Die Staatsfonds sind seit Jahren auf dem Vormarsch; ihre Anlagen wachsen jährlich um durchschnittlich acht bis neun Prozent – etwa doppelt so schnell wie Anlagen anderer institutioneller Investoren. Vor allem China hat das Geld, das die Europäer so dringend brauchen. Das Reich der Mitte verfügt über Währungsreserven im Wert von 3,2 Billionen Dollar, angelegt bisher großenteils bei den Amerikanern. Schon heute halten chinesische Staatsfonds europäische Schuldtitel im Wert von umgerechnet 650 Milliarden Euro. Das soll nach dem Wunsch einiger EU-Politiker nun deutlich mehr werden.

Dafür wird den finanzgewaltigen Rettern aus den nicht immer demokratischen Ländern der rote Teppich ausgerollt. Der Textentwurf zur Erweiterung des EFSF sieht vor, dass bei einem Kreditausfall eines Euro-Schuldenstaates die Einlagen der ausländischen Staatsfonds vor denen des Rettungsfonds selbst bedient werden müssen. Die Fonds werden so zum Gläubiger erster Klasse. "Dies könnte langfristig orientierte institutionelle Anleger anziehen", heißt es in dem Eckpunktepapier. Im Klartext: Das Risiko des chinesischen Investments übernimmt der europäische, mehrheitlich der deutsche Steuerzahler.

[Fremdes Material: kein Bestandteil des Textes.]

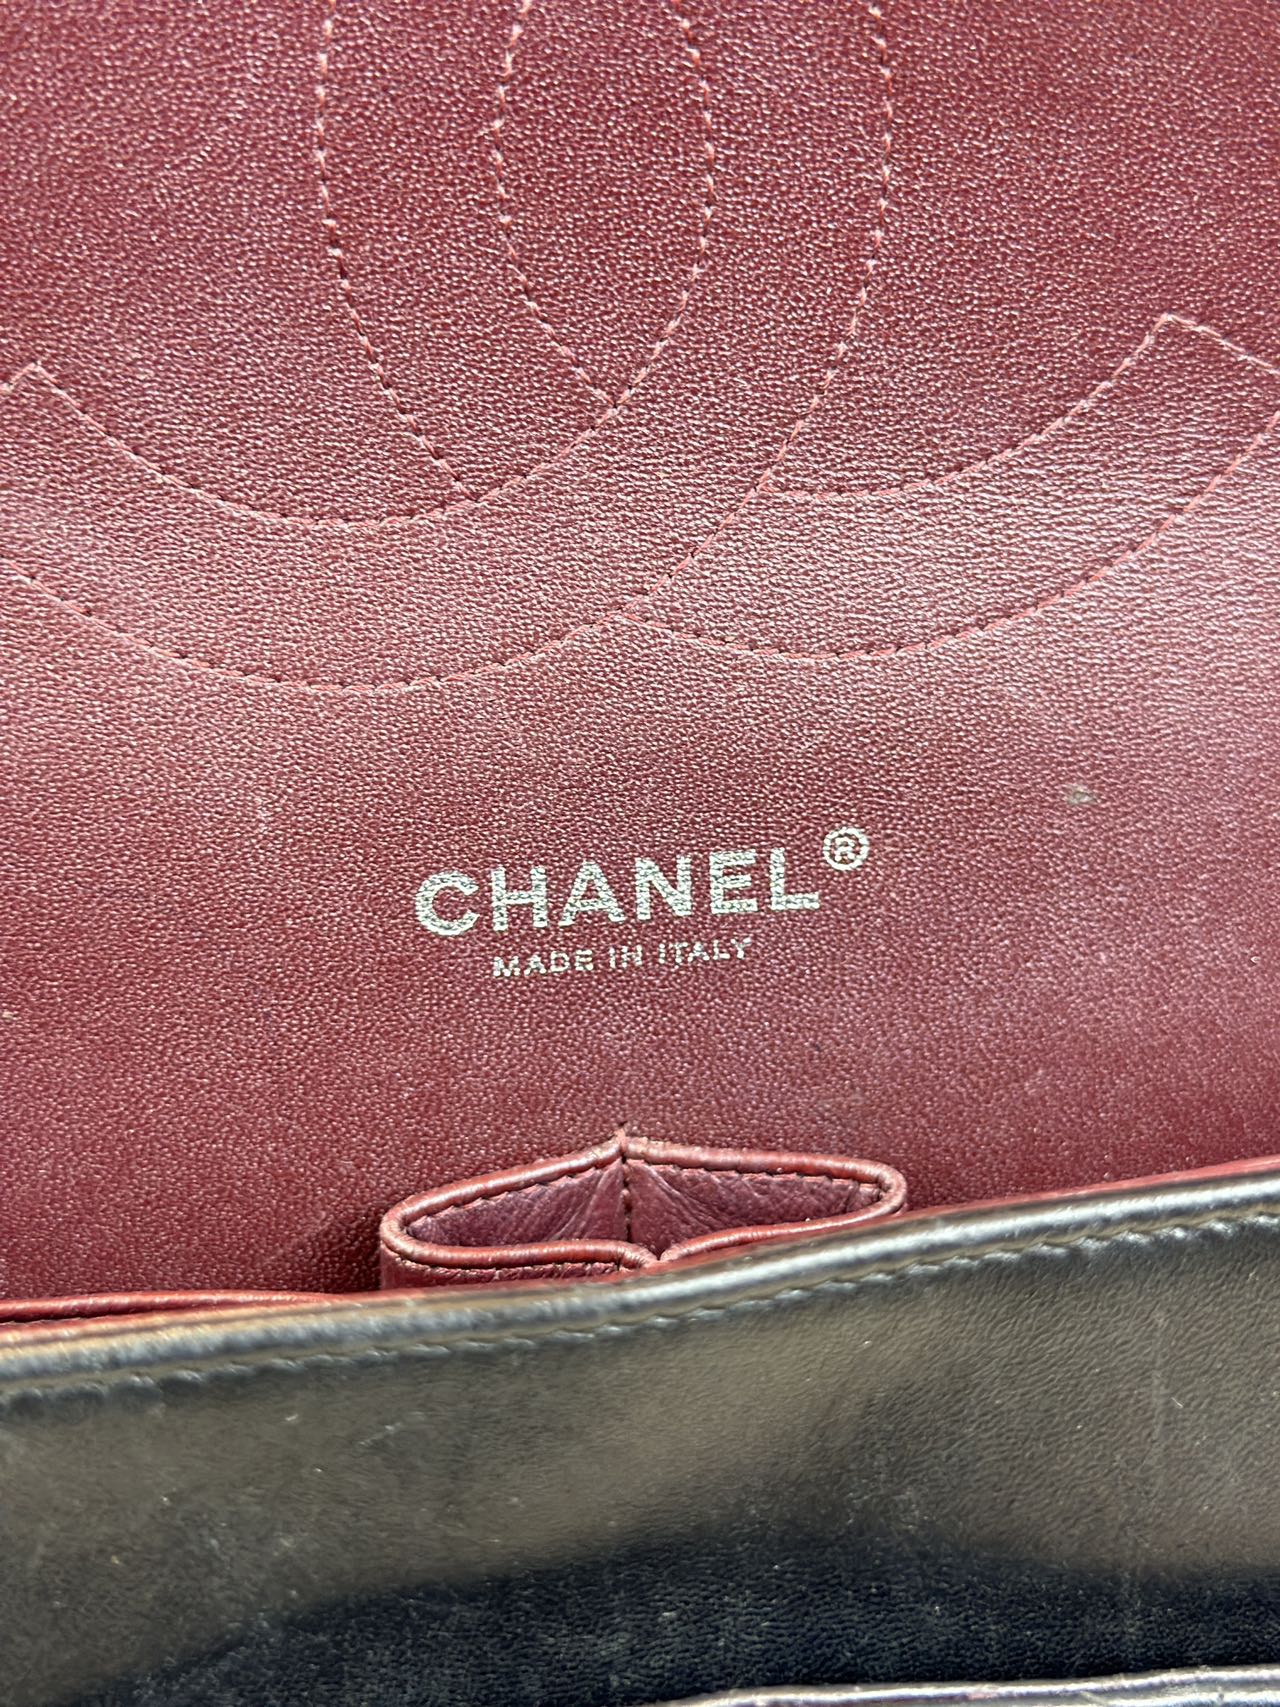 Preloved Chanel Black Leather Lambskin Double Flap Jumbo Shoulder Bag

In deutschen Regierungskreisen wird daher der Einbezug der Staatsfonds nur vorsichtig vorangetrieben. "Es ist noch nicht klar, ob das heute Abend auf dem EU-Gipfel überhaupt so beschlossen wird", sagt ein mit den Verhandlungen vertrautes Regierungsmitglied.

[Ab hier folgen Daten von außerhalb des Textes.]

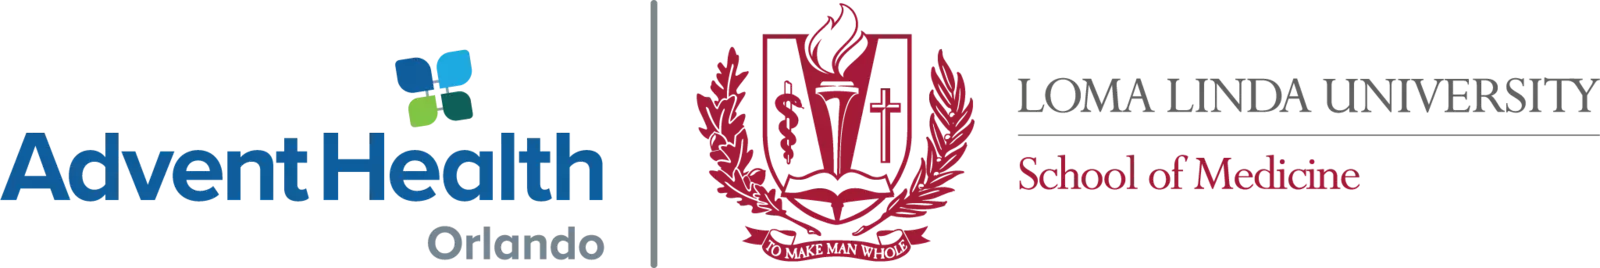 Loma Linda University School of Medicine - AdventHealth Orlando campus logo

Und: Die Investoren wollen nicht nur geben, sondern auch Einfluss nehmen. Vorige Woche berichtete die parteinahe chinesische Zeitung "Global Times", dass China der EU ein Angebot gemacht habe. Peking sei bereit, in die Infrastruktur krisengeschüttelter Euro-Länder zu investieren. Auch stünden chinesische Banken bereit, mehr europäische Staatsschulden zu kaufen. Zuvor wolle man aber weitere Etat-Kürzungen und Strukturreformen sehen. Jin Liqun, Aufsichtsratschef der China Investment Corporation, eines der größten Staatsfonds mit einem Volumen von umgerechnet fast 300 Milliarden Euro, kritisierte das europäische Sozialstaatsmodell: "Die Wurzel des ganzen Ärgers sind der überbordende Sozialstaat und die faul und träge machenden Arbeitsgesetze." Die Menschen müssten härter und länger arbeiten, sagte Jin nach Angaben der australischen Website news.com.

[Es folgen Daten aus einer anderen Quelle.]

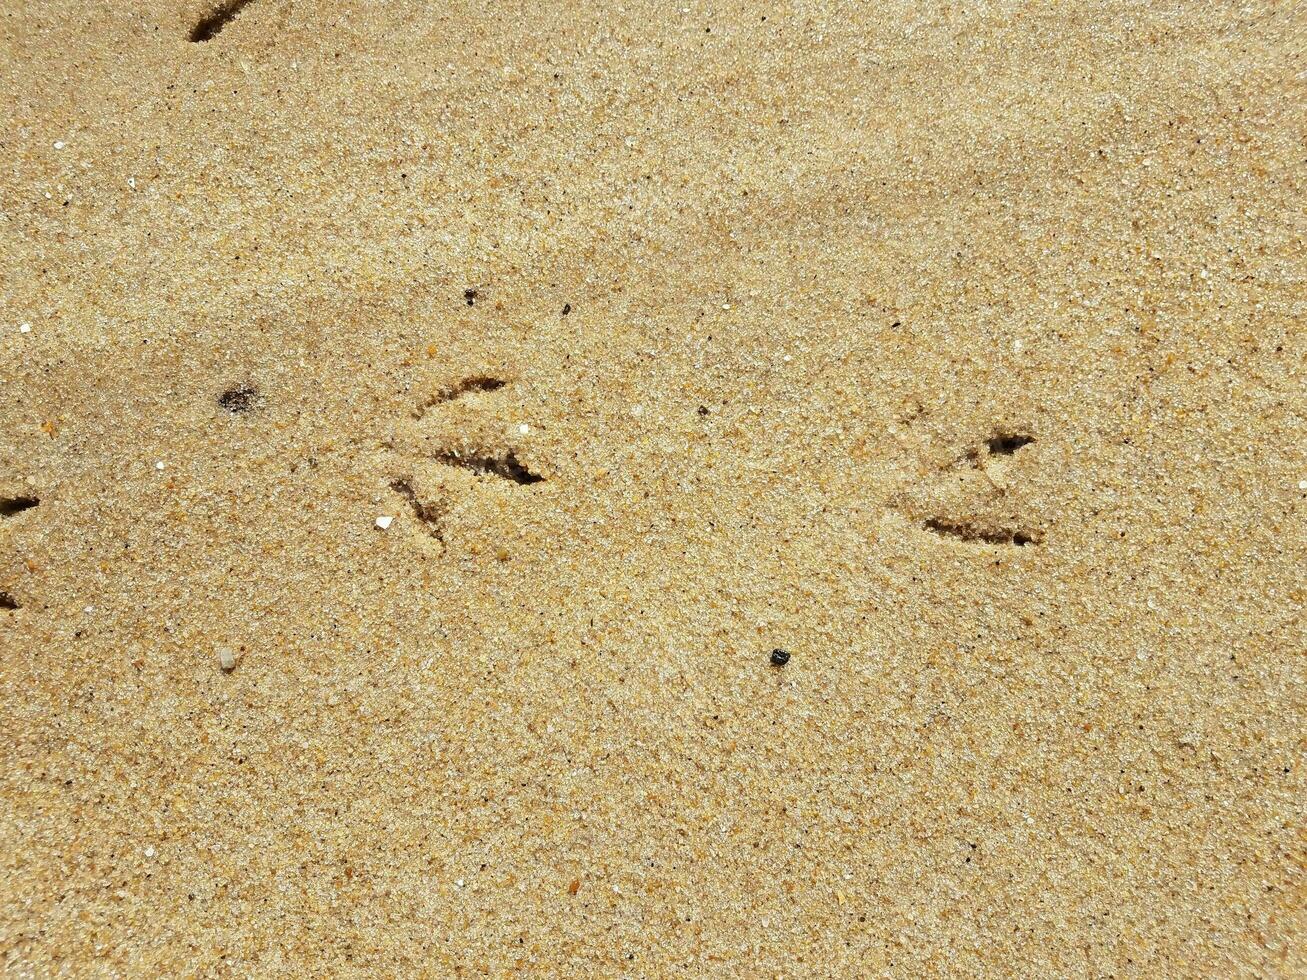 bird foot prints in wet sand at beach photo

Dass die Chinesen als Retter infrage kommen, haben sie indes schon bewiesen. So hat der Fonds GIC aus Singapur die in der Finanzkrise stark beschädigte Schweizer Bank UBS mit 13 Milliarden Euro gestützt. Staatsfonds aus Singapur und Kuwait halten bis heute große Aktienpakete an der US-Citigroup.

Internet Die Instrumente zur Euro-Rettung unter www.rp-online.de/wirtschaft

(RP)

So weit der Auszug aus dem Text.